- _TASK OBJECTIVE_
Output each line of the listing exactly, though pictures are not to appear.

- _RECORDED DATA_
§ §
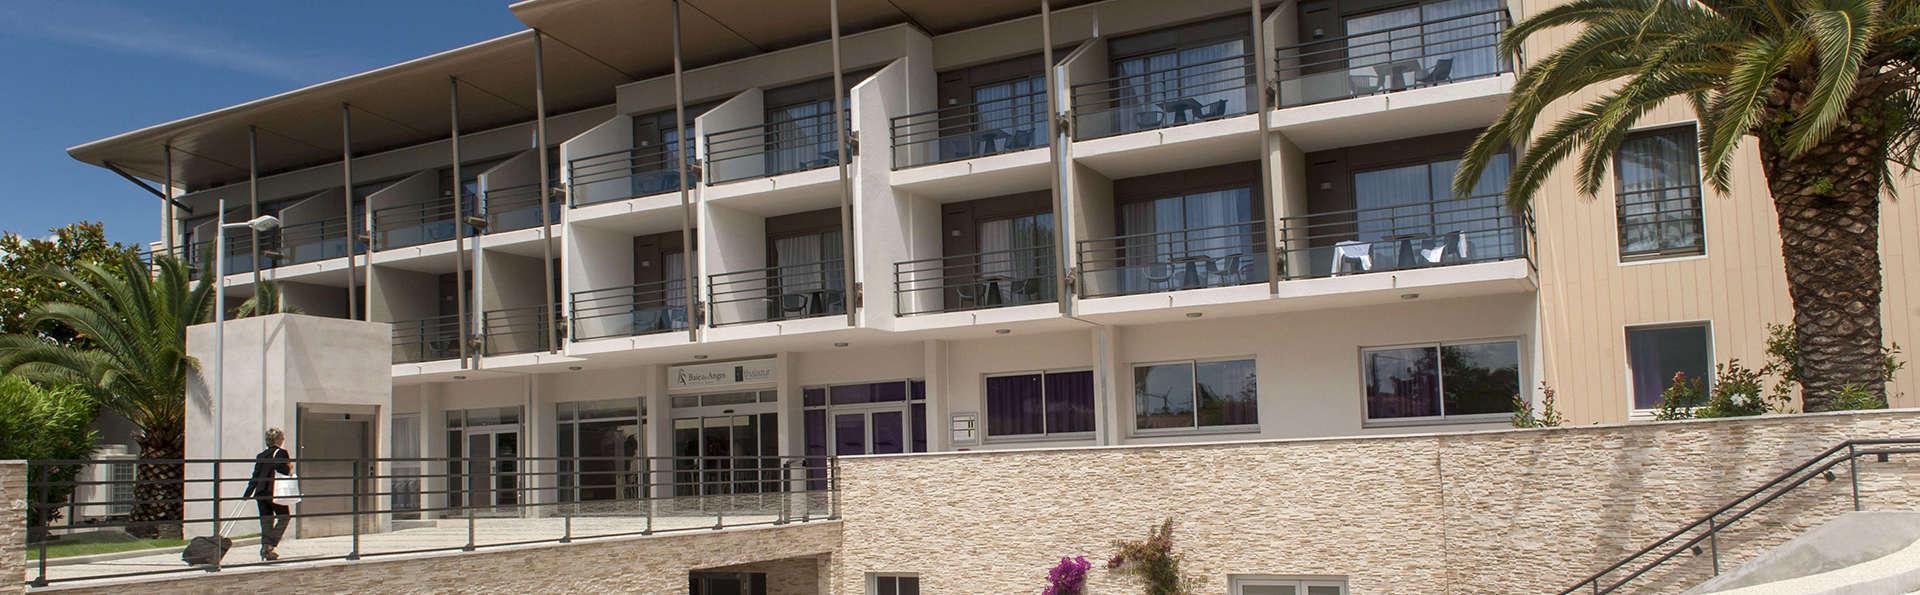 Hôtel Baie des Anges by Thalazur - edit_facade2.jpg
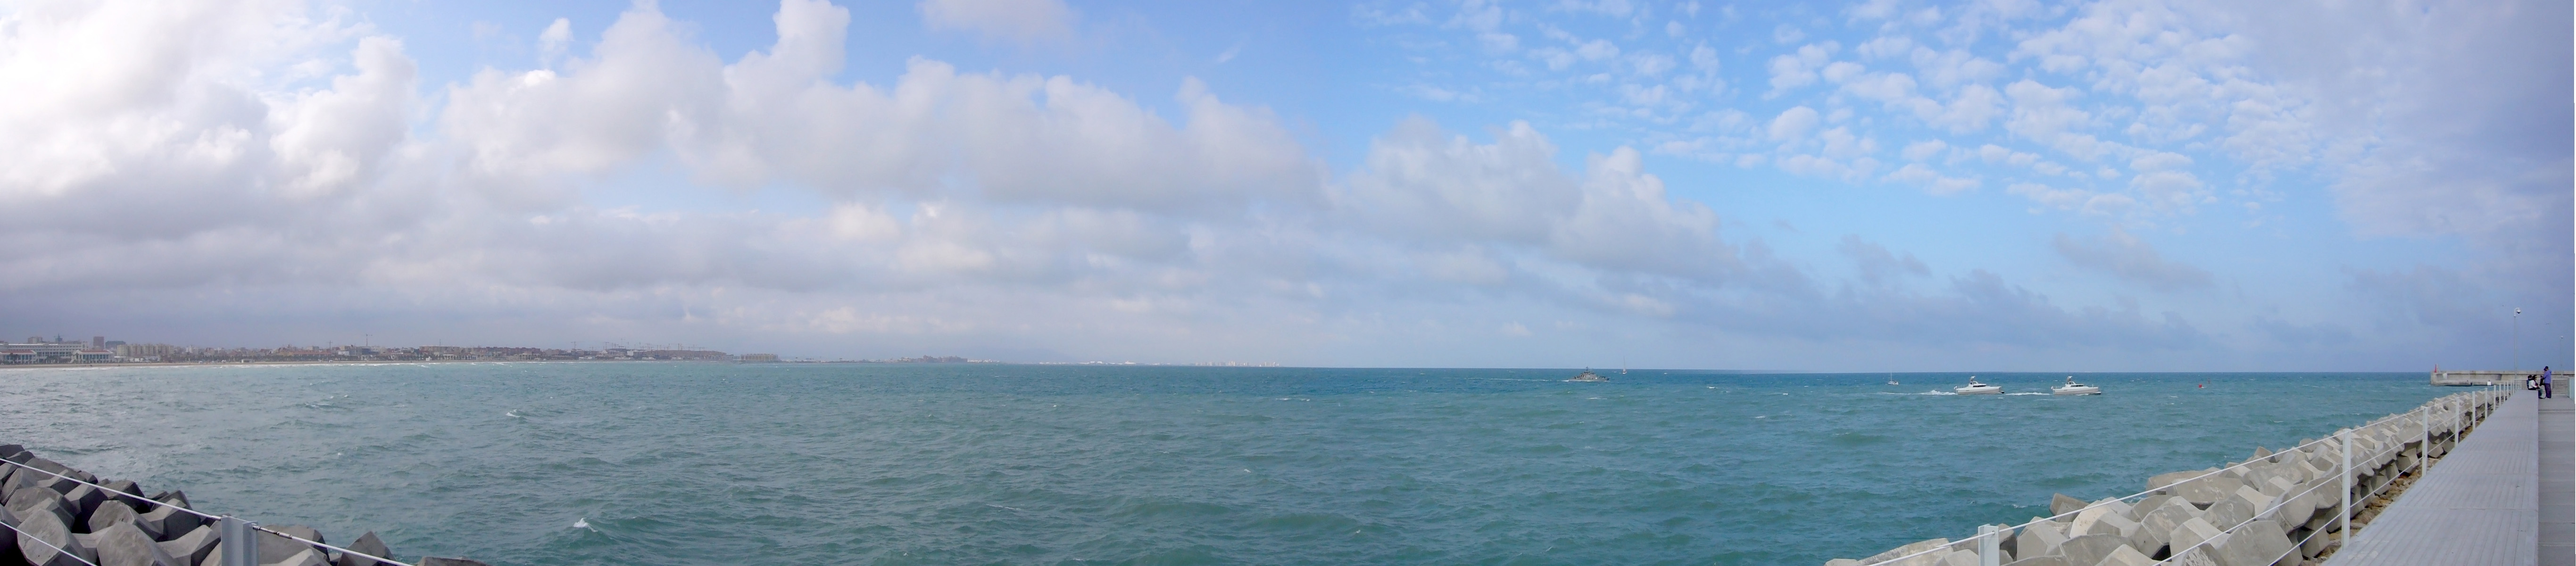 Foto playa Las Arenas. Puerto Valencia Panoramica
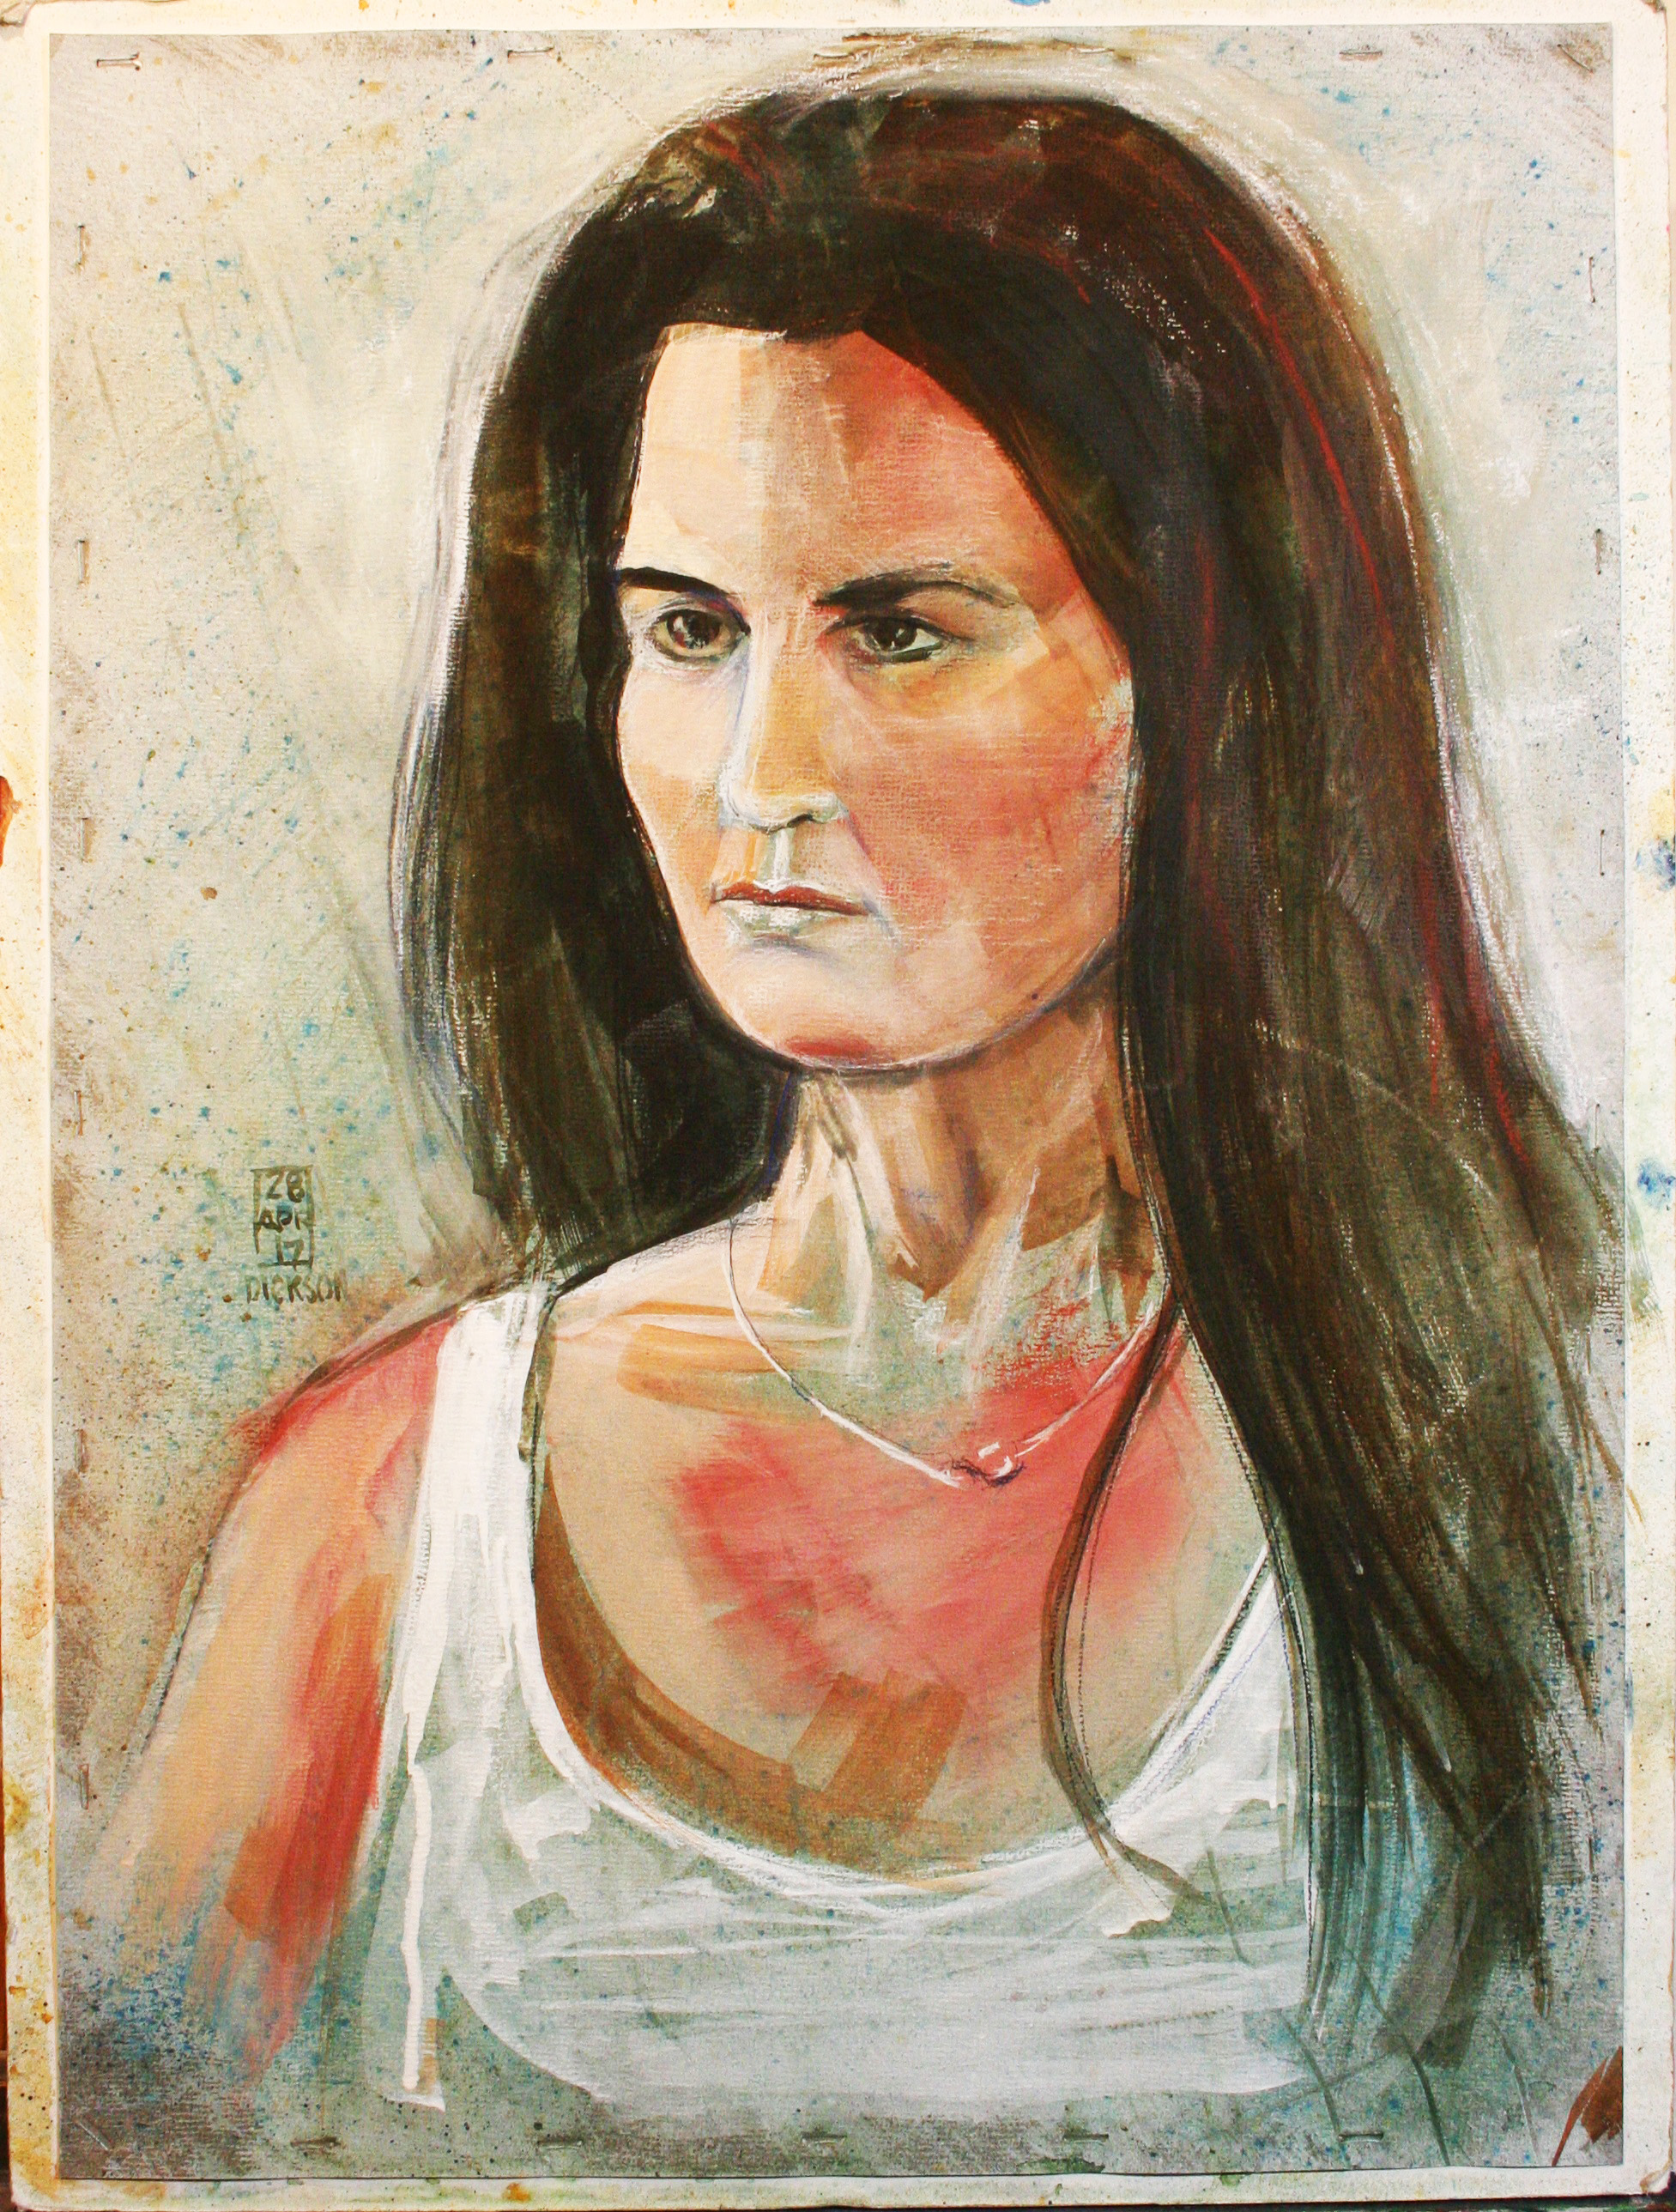 Duane Dickson did this 3-hour portrait.
§ §
- _TASK ANSWER_
 Hôtel Baie des Anges by Thalazur - edit_facade2.jpg
 Foto playa Las Arenas. Puerto Valencia Panoramica
 Duane Dickson did this 3-hour portrait.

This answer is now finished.